İnsan ırkları ve insanlar arasındaki birbirinden farklı fiziksel özellikler de insan türüne ait ‘varyasyonlar’dır. Yeryüzündeki insanların hepsi temelde aynı  genetik  bilgiye  sahiptirler, ama bu genetik bilginin izin verdiği varyasyon potansiyeli sayesinde kimisi çekik gözlüdür, kimisi kızıl saçlıdır, kimisinin burnu uzun, kimisinin boyu kısadır.Varyasyon potensiyelini anlamak için, sarışın ve mavi gözlü bireylere sahip bir toplum ile esmer ve siyah gözlü bireylerin  çoğunlukta olduğu bir toplumu ele alalım. Her iki toplumun zaman içinde birbirine karışmaları ve aralarında evlilikleri yapmaları sonucunda, ortaya esmer ve mavi gözlü yeni nesillerin çıktığı görülecektir. Yani her iki toplumun belli fiziksel  özellikleri yeni nesillerde birbiriyle eşleşerek farklı görünümlü bireyleriyle karıştıkları düşünüldüğünde ortaya çok büyük bir çeşitlenmenin çıkacağı açıktır. Burada bilinmesi gereken önemli bir nokta da şudur: Her  fiziksel özelliği belirleyen iki gen vardır. Bunlardan biri çekinik, diğeri baskın olabilir. Örneğin kişinin göz rengini belirleyen iki gen vardır. Bunlardan biri anneden diğeri ise babadan gelir. Baskın olan gen hangisi ise çocuğun göz rengi o gen tarafından kontrol edilir. Çoğunlukla koyu renkler açık renkler baskındır. Buna göre, bir kişide yeşil ve siyah göz renklerine ait genler varsa o kişinin gözü,siyah renk geni daha baskın olduğundan siyah olur. Fakat çekinik olan yeşil renk daha sonraki nesillere aktarılarak ileriki bir jenerasyonda ortaya çıkabilir.Yani annesi ve babası siyah gözlü olan bir çocuğun gözü yeşil olabilir. Çünki bu renk genleri anne ve babada çekinik olarak bulunuyordur. Bu kural diğer bütün fiziksel özellikler ve bunları belirleyen genler içnde geçerlidir. Kulak burun,ağız şekli, boy uzunluğu, kemik yapısı, uzuvların ve organların yapısı, şekil, özellikleri, vs. Gibi yüzlerce hatta binlerce özellik bu şekilde kontrol edilir.İşte bu özellik nedeniyle, genetik yapıda yer alan sayısız bilgi o bireyin dış görünümüne yansımadan sonraki nesillere aktarılabilir. İlk insan olan Hz.Adem ve eşi de genetik yapılarındaki zengin bilgiyi, kendi dış görünümlerine bunların ancak bir kısmının yansımasına rağmen, sonraki nesillere aktarmışlardır.İnsanlık tarihi içinde ortaya çıkan coğrafi izolasyonlar da çeşitli insan gruplarinda belirli özelliklerin birikmesine uygun ortam oluşturmuştur.

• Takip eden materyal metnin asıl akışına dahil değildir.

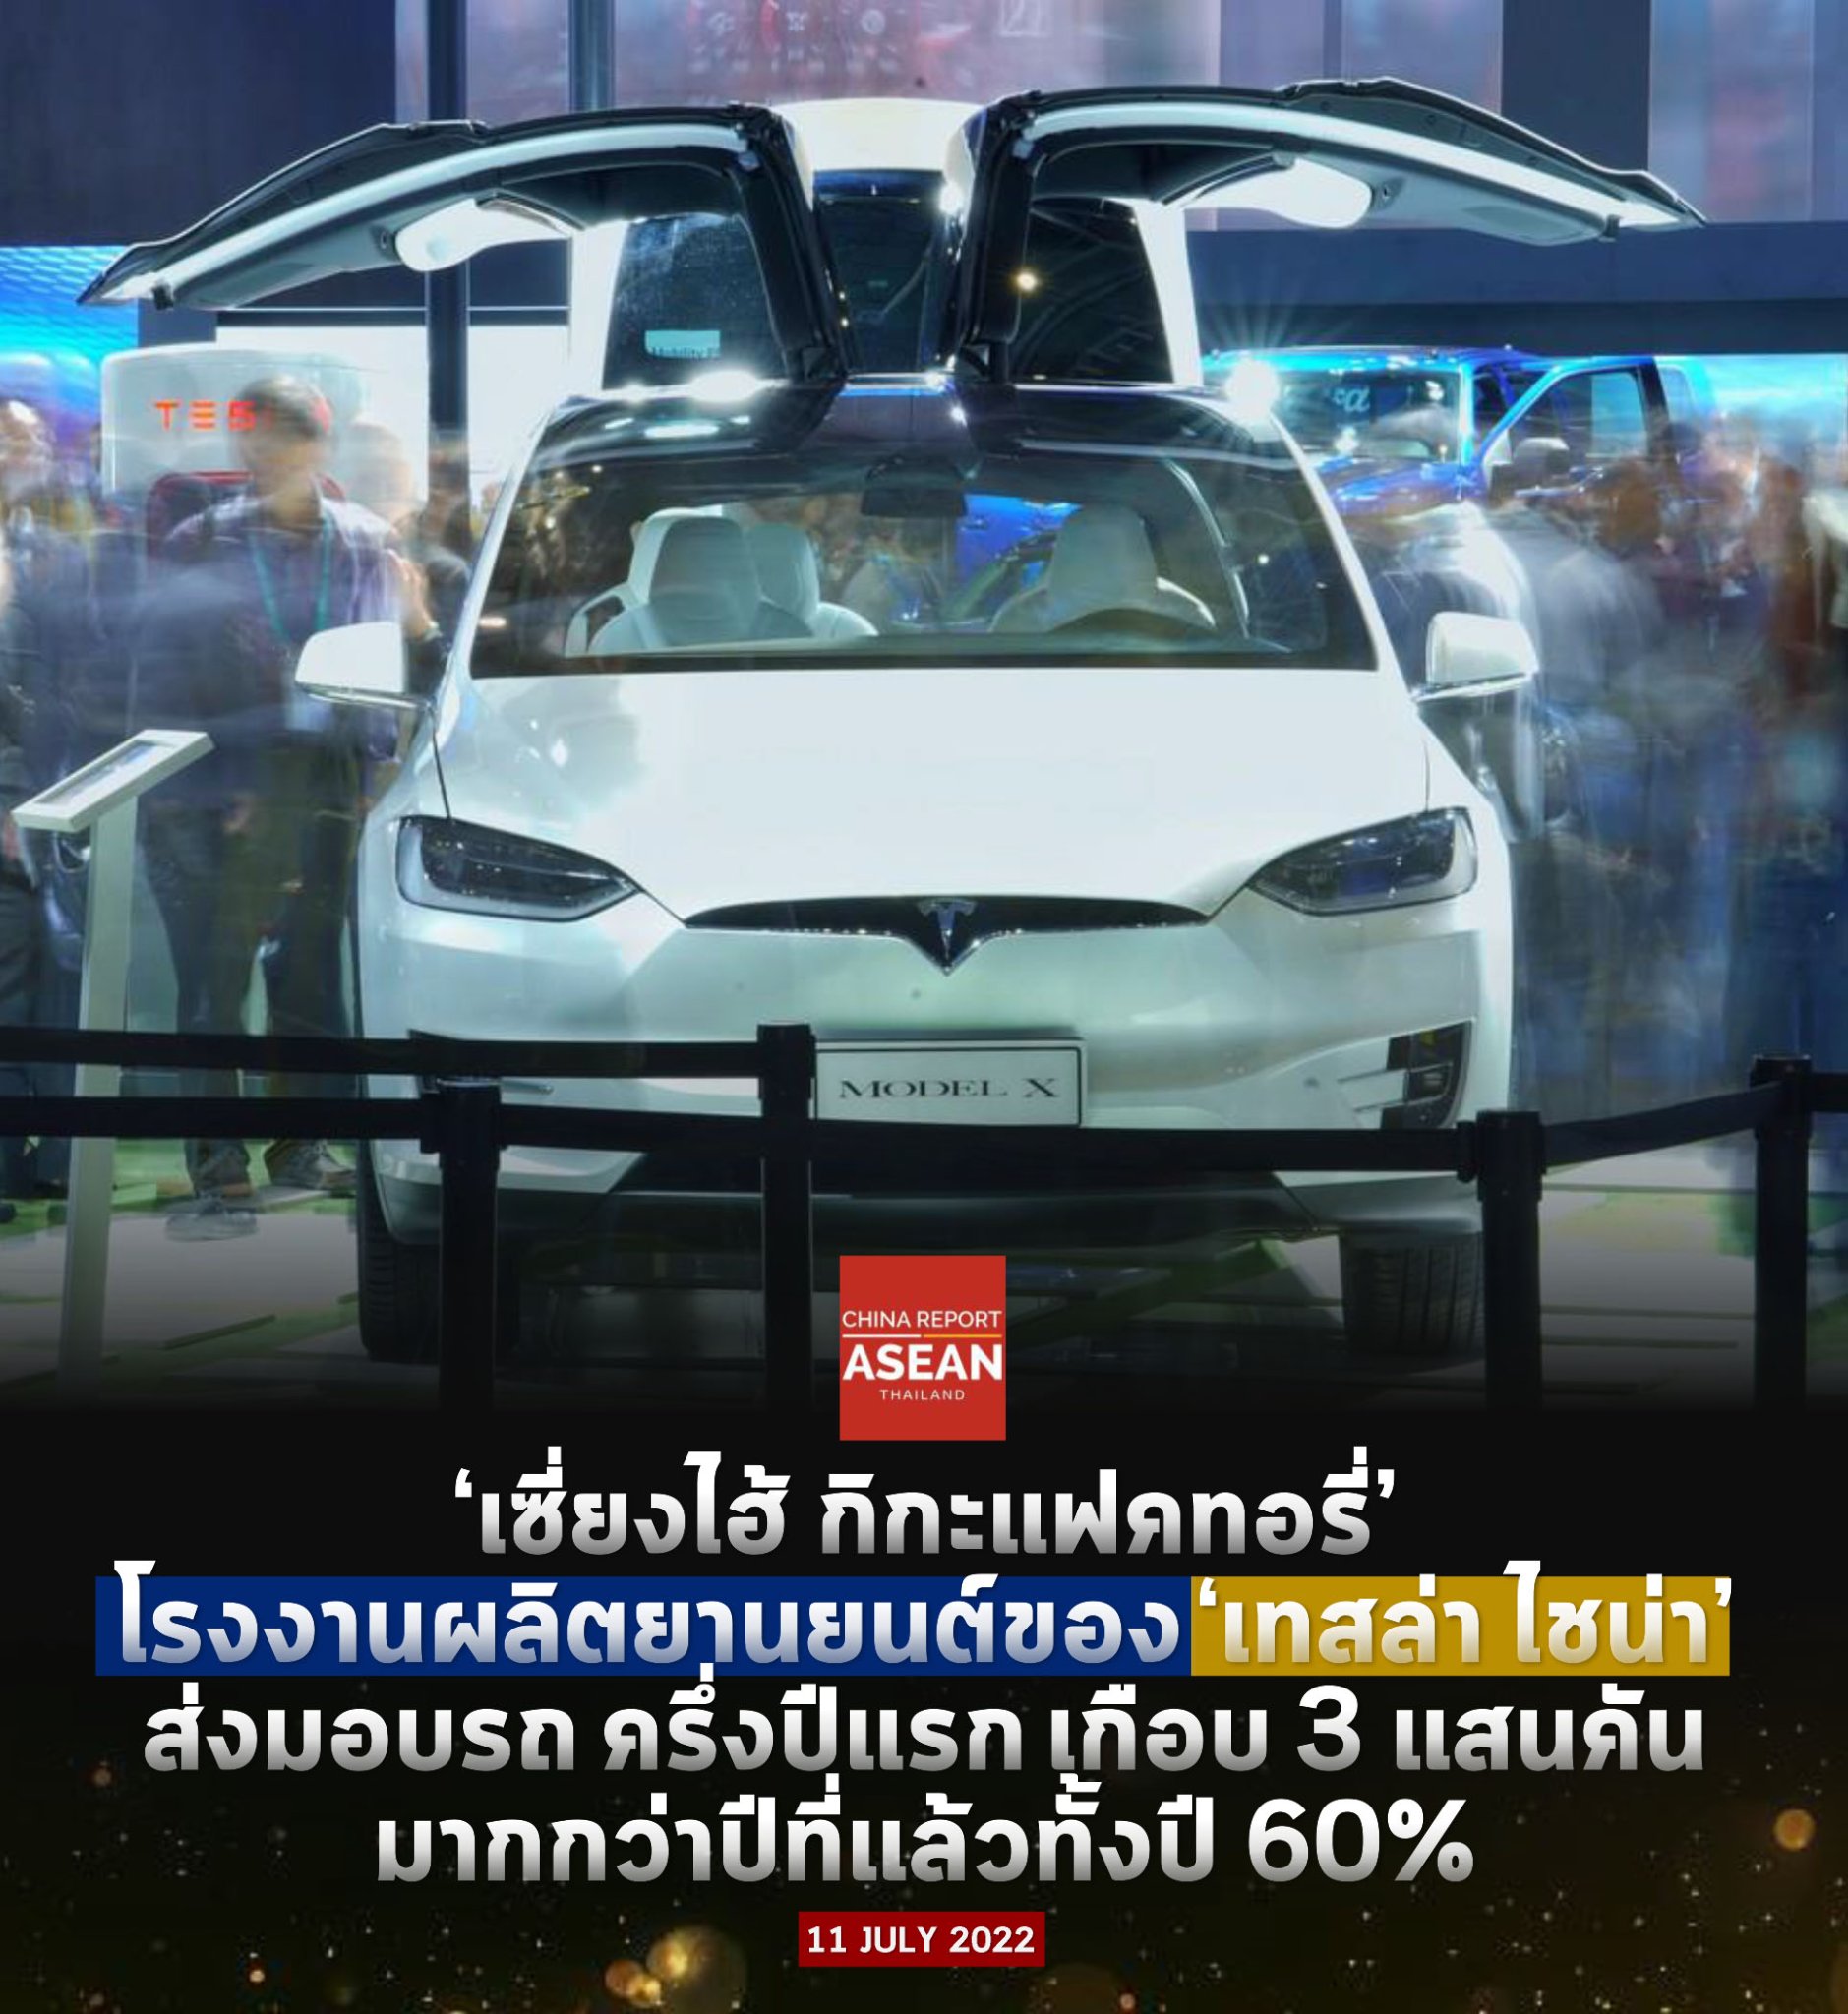 #ChinaReport | ยานยนต์ที่ผลิตออกมาจากโรงงาน ‘เซี่ยงไฮ้ กิกะแฟคทอรี่’ ของเทสล่า ไชน่า ใช้ชิ้นส่วนยานยนต์ ที่ผลิตในจีน สูงถึง 90%

Allah yeryüzünde farklı canlı türlerini yaratmış olduğunu Kuran da şöyle bildirir:

Allah , her  canlıyı sudan yarattı. İşte bunlardan kimi karnı üzerinde yürümekte, kimi iki ayağı üzerinde yürümekte, kimi de dört ayağı üzerinde yürümektedir. Allah, dilediğini yaratır. Hiç şühhesiz Allah, her şeye güç yetirendir. (Nur suresi, 45)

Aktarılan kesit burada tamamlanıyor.